Tapping into renewable energy sources and adapting existing transmission and distribution systems to it seems like the obvious starting point. However, the zero energy home is more than just a ‘green’ building with solar panels. Material design excellence and superior HVAC systems in isolation cannot support the ultimate outcome of net zero energy bills. It needs to be supported by on-site power generation, storage, and distribution capabilities.
This is where the buzz around microgrids starts making sense. Just like distributed computing revolutionized IT, microgrids can transform energy management. A localized grouping of energy sources and loads remains connected to the traditional macrogrid but is capable of decoupling and autonomously functioning, depending on defined conditions.
Montgomery County, Maryland made the perfect test bed for this idea. Owing to the location’s inclement weather pattern, maintaining uninterrupted power supply posed a veritable challenge. In order to plug the gap, leading electrical engineering companies joined forces to deploy two microgrids exclusively serving the county’s public safety facilities. This system can automatically, or at will be disconnected from the main grid, continuing to operate at normal capacity for extended periods of time. By recycling waste heat from on-site power generation operations, it can generate up to 3.3 million kWh of solar energy, and 7.4 million kWh of combined heat and power each year. In all, this will diminish greenhouse gas emissions by 3,629 metric tons each year – equivalent to taking 767 conventional fuel cars off the road. The sheer generation capacity of Maryland microgrids is also said to be enough to fulfil the energy needs of 400 ‘non-smart’ homes a year.

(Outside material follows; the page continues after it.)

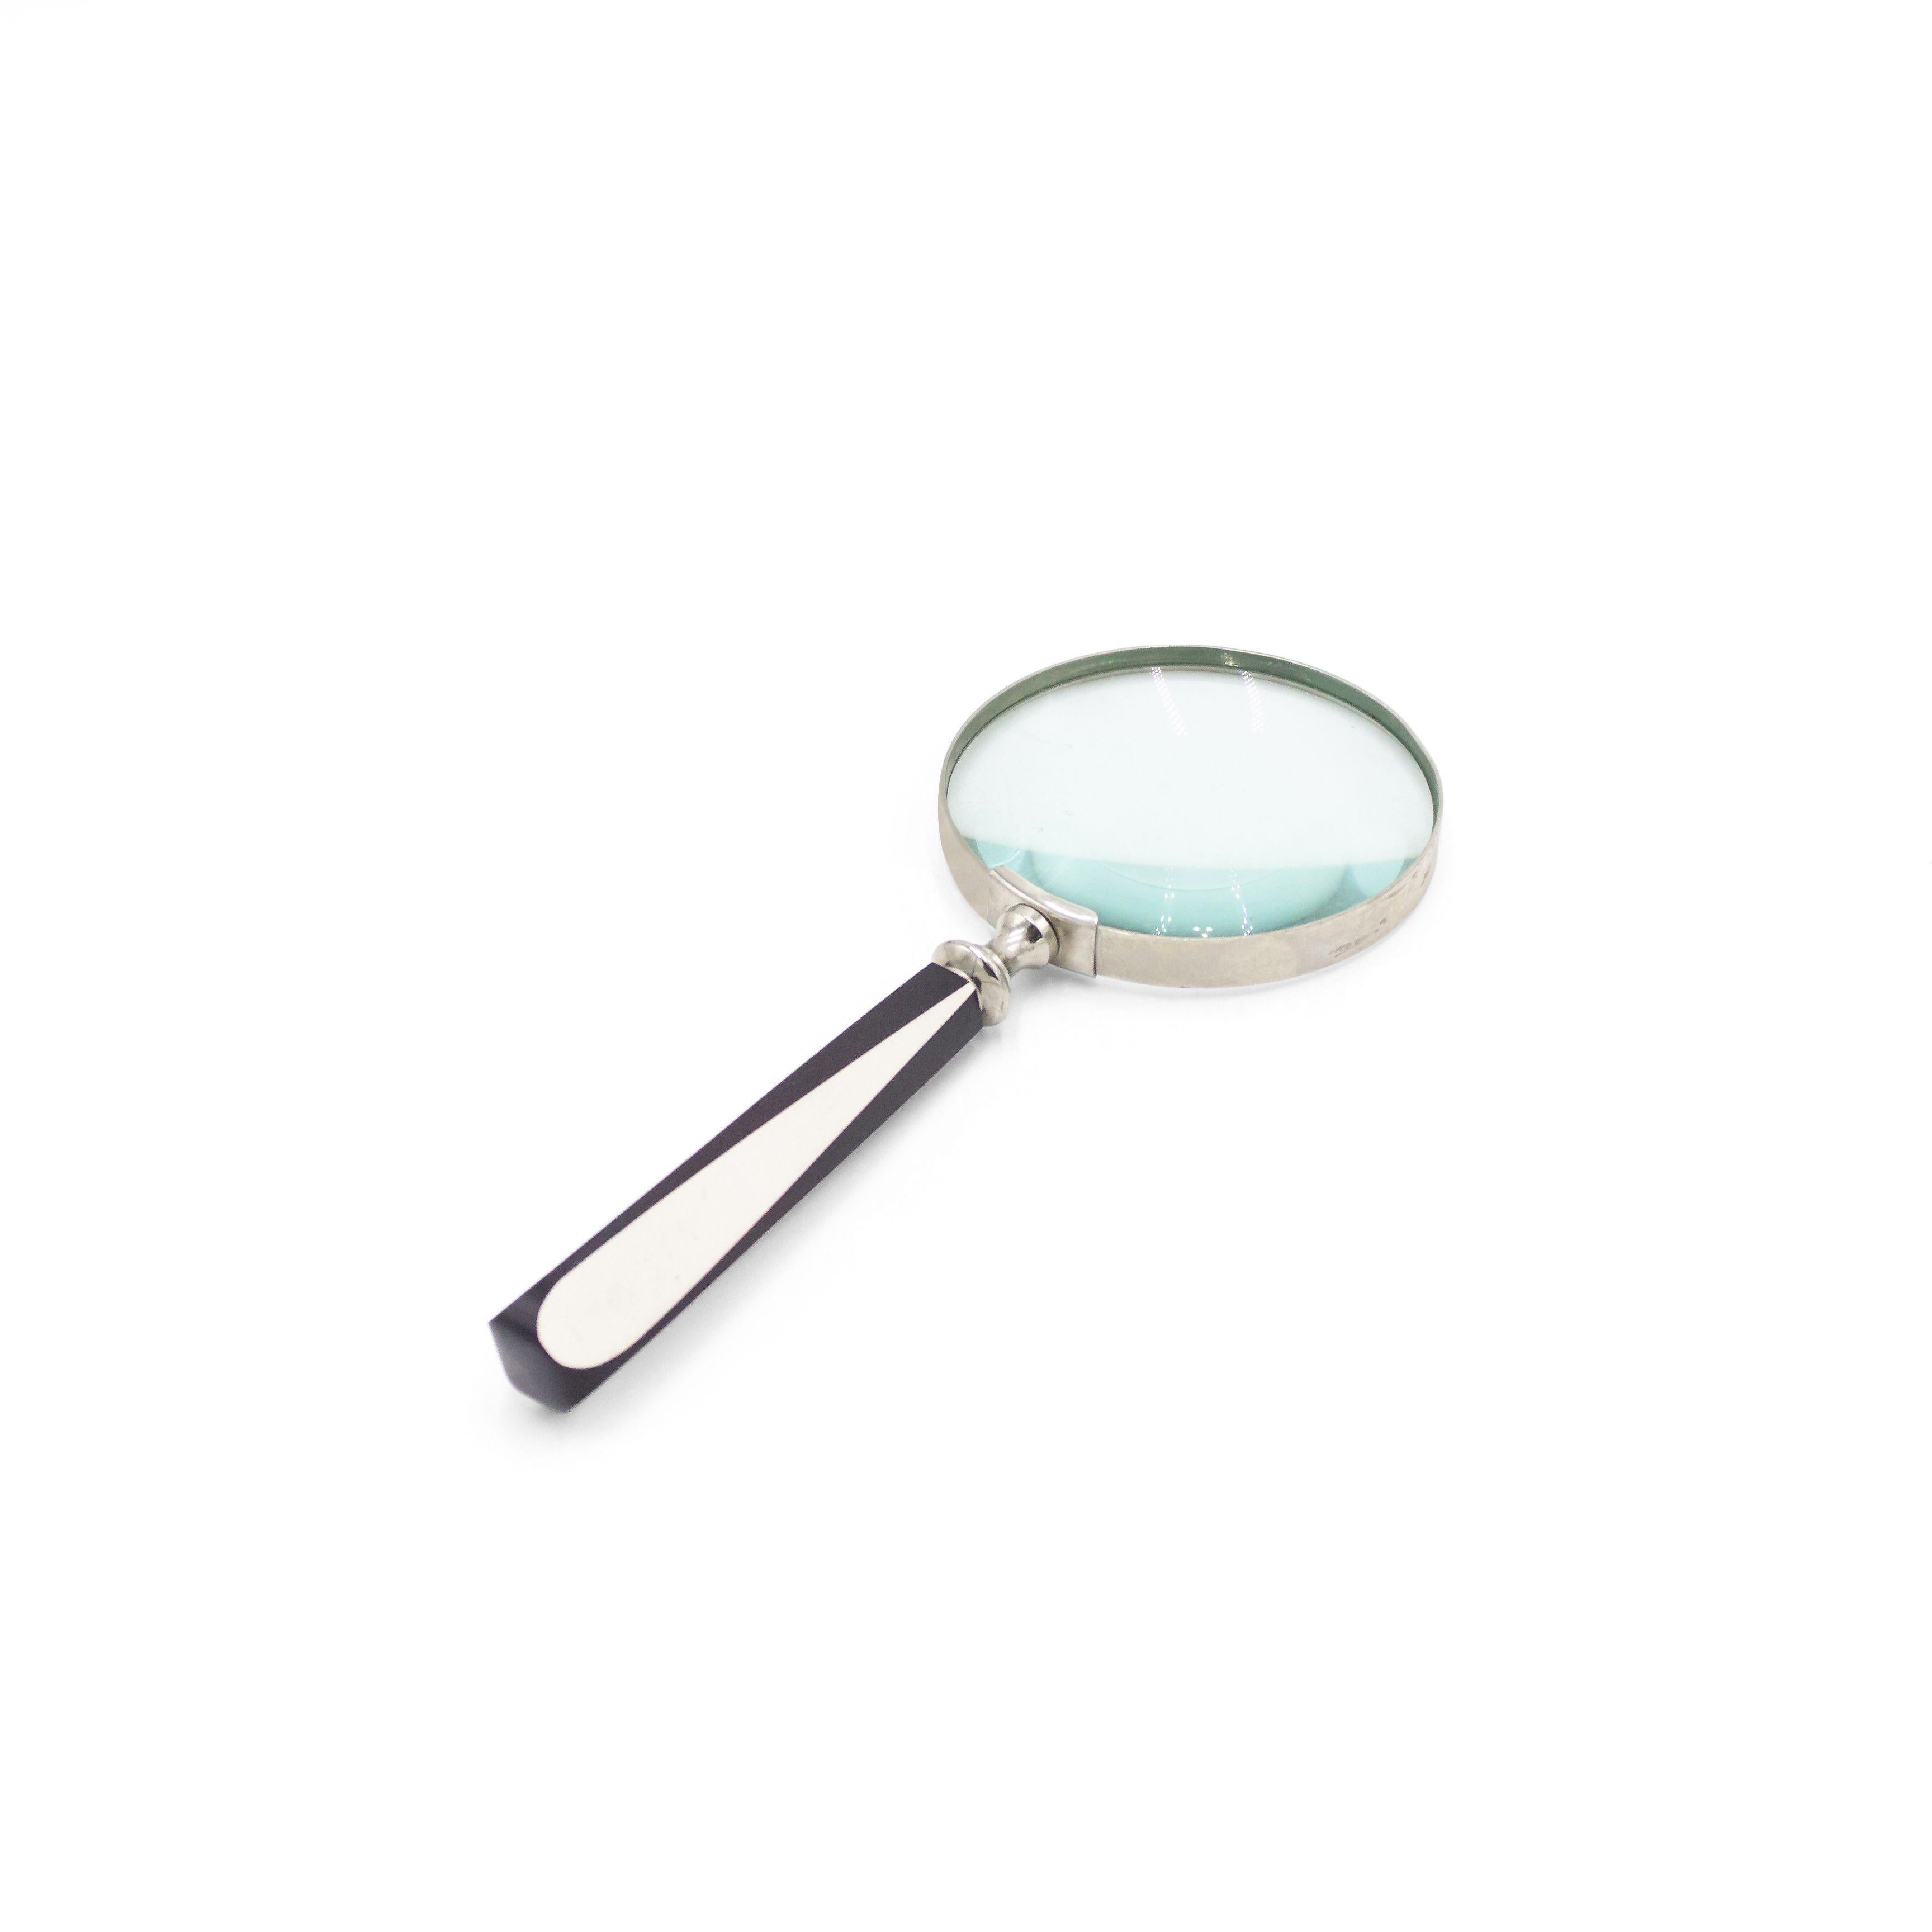 American Mid-Century Black and White Magnifying Glass

In a siloed residential network, this volume of energy is clearly in excess of what the maximum demand can be. It creates the opportunity to develop an elastic demand side management (DSM) subsystem to underscore the automated and distributed energy delivery network. Microgrids with integrated renewable energy sources (RES) and a control unit can dynamically allocate power based on evolving demand profiles. In the long run, this will reduce dependence on the macrogrid, culminating in an ‘island of sustainability’. Scheduling flexible loads through this model becomes a possibility, directly separating itself from the must-run loads tied to essential building functions like ventilation and refrigeration.
In turn, this has a twofold effect; exponentially increasing distribution efficiency and improving energy storage management by using consumption data to determine when the connected battery array should charge or discharge.
However, microgrids are only the medium through which home owners can enhance sustainability. The key to making energy efficient buildings smarter lies in connecting individual microgrids to create an ecosystem. This will enable homeowners to buy and sell excess energy produced within the network, implementing a producer-consumer (prosumer) model.
Last year, an Australian company launched a residential electricity trading market, which will use blockchain technology to facilitate transactions. Other companies are looking to take this idea of a peer-to-peer energy trading network further by developing a decentralized, user-driven energy generation, distribution, and virtual trading platform.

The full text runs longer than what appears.